Nous avons reçu trop tard quelques-uns des plus magnifiques volumes de la saison pour pouvoir en parler avant le 1er janvier; mais on peut justement appliquer à leurs éditeurs le souhait banal d'une bonne année suivie de plusieurs autres. Le Monde de la Mer, par Alfred Frédol, a-t-il rien perdu à avoir deux ans de date? Le Monde des Papillons (nous en avons parlé à la suite de l'article des architectes ans mains) ne sera-t-il pas plutôt de circonstance ce printemps que cet hiver? Les Fougères, publiées par le même éditeur, forment une suite de figures aux couleurs toujours fraîches. Quelle riche mosaïque pour être transportée par nos Pénélopes sur un canevas de tapis! Il y a mieux, l'histoire botanique et horticole des fougères, telle qu'elle est rédigée par trois auteurs sous la direction de M. J. Rothschild lui-même, est un riche trésor d'expressions qui peuvent devenir une étude utile pour le style pittoresque et poétique. Notre ami Marmier nous raconte aujourd'hui les chastes amours d'un botaniste suédois qui aurait fait le tour du monde pour former un herbier aussi splendide que le volume publié par M. Rothschild, et nos lecteurs n'ont qu'à franchir un des ponts de la Seine pour se le procurer! C'est à rendre une dame folle de la botanique. La chromo-lithographie y surpasse la nature par le simple procédé d'une scrupuleuse imitation.

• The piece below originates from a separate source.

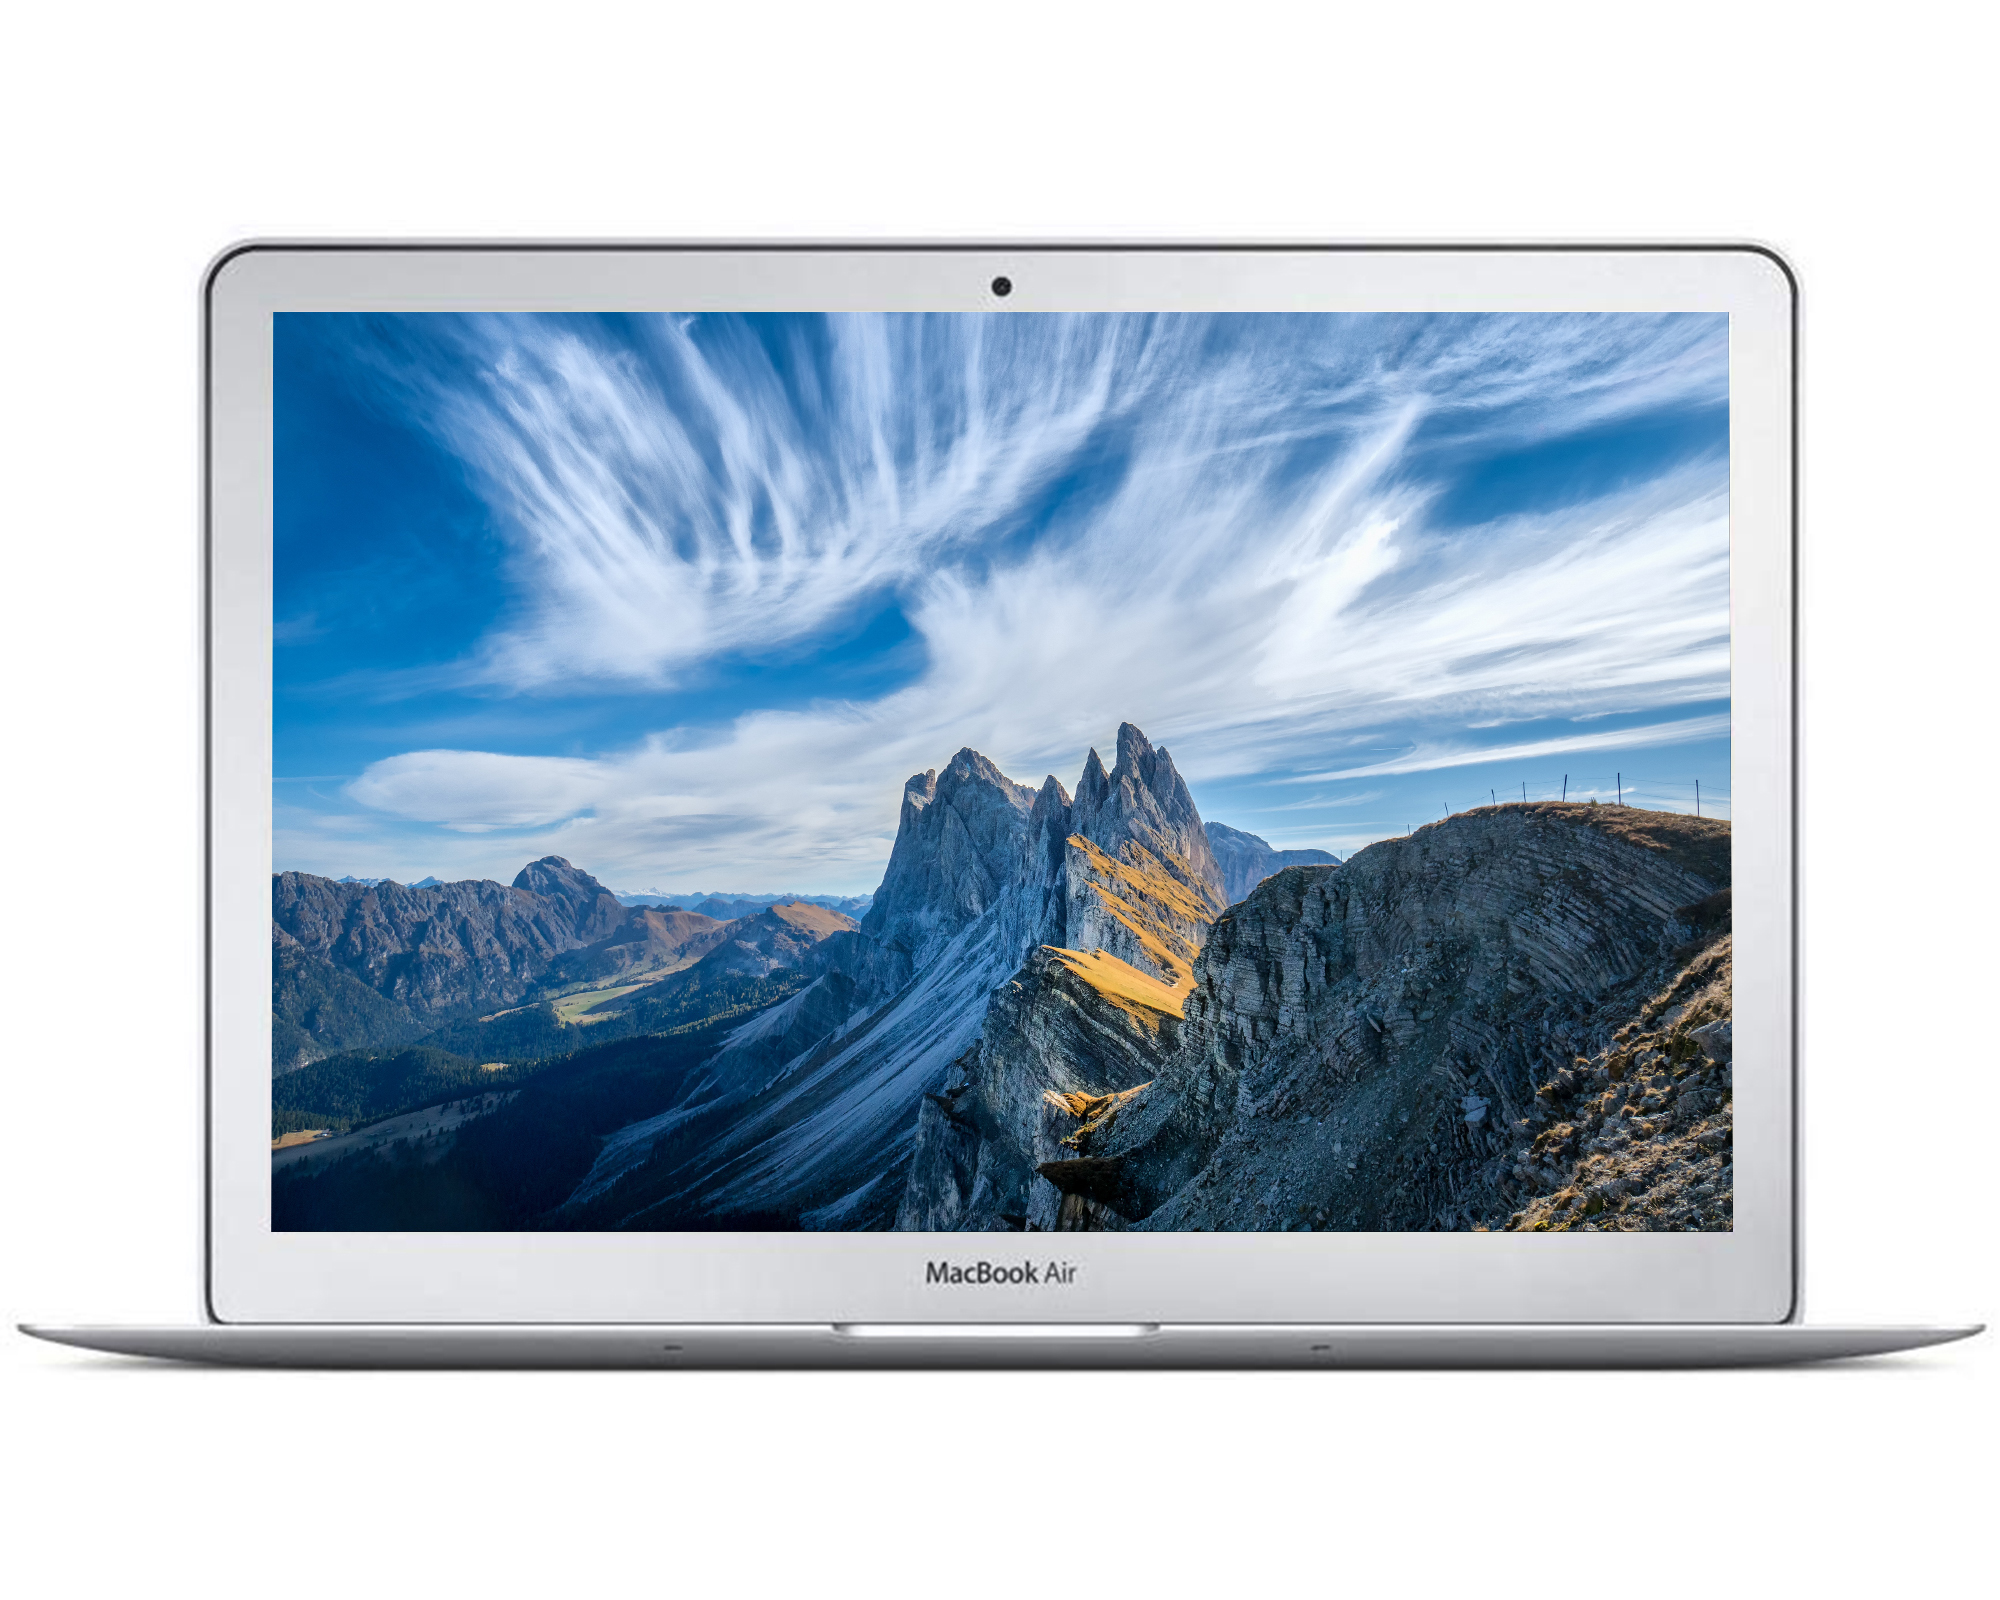 Restored Apple MacBook Air MJVE2LL/A Intel Core i5-5250U X2 1.6GHz 4GB 128GB SSD Silver (Refurbished) - image 2 of 7

Quant à l'Oiseau, de M. Michelet (une huitième édition), les 210 vignettes sur bois de M. Giacomelli auraient rajeuni ce beau livre s'il pouvait vieillir, et c'est celui sur lequel, inspiré par la gracieuse Mme Michelet, notre philosophe a répandu les plus charmantes coquetteries de son style. Les idées y ont des ailes comme ces habitants de l'air dont M. Michelet décrit les formes, les mœurs, les nids et les amours. Relisez le chapitre où l'historien des oiseaux raconte sa visite dans un muséum et, comme un magicien, rend la vie à la nature morte; mais ce n'est pas M. Michelet qu'il faut louer le plus dans ce volume, c'est l'artiste, c'est l'éditeur, c'est l'imprimeur, qui ont conçu et exécuté ce livre en artistes.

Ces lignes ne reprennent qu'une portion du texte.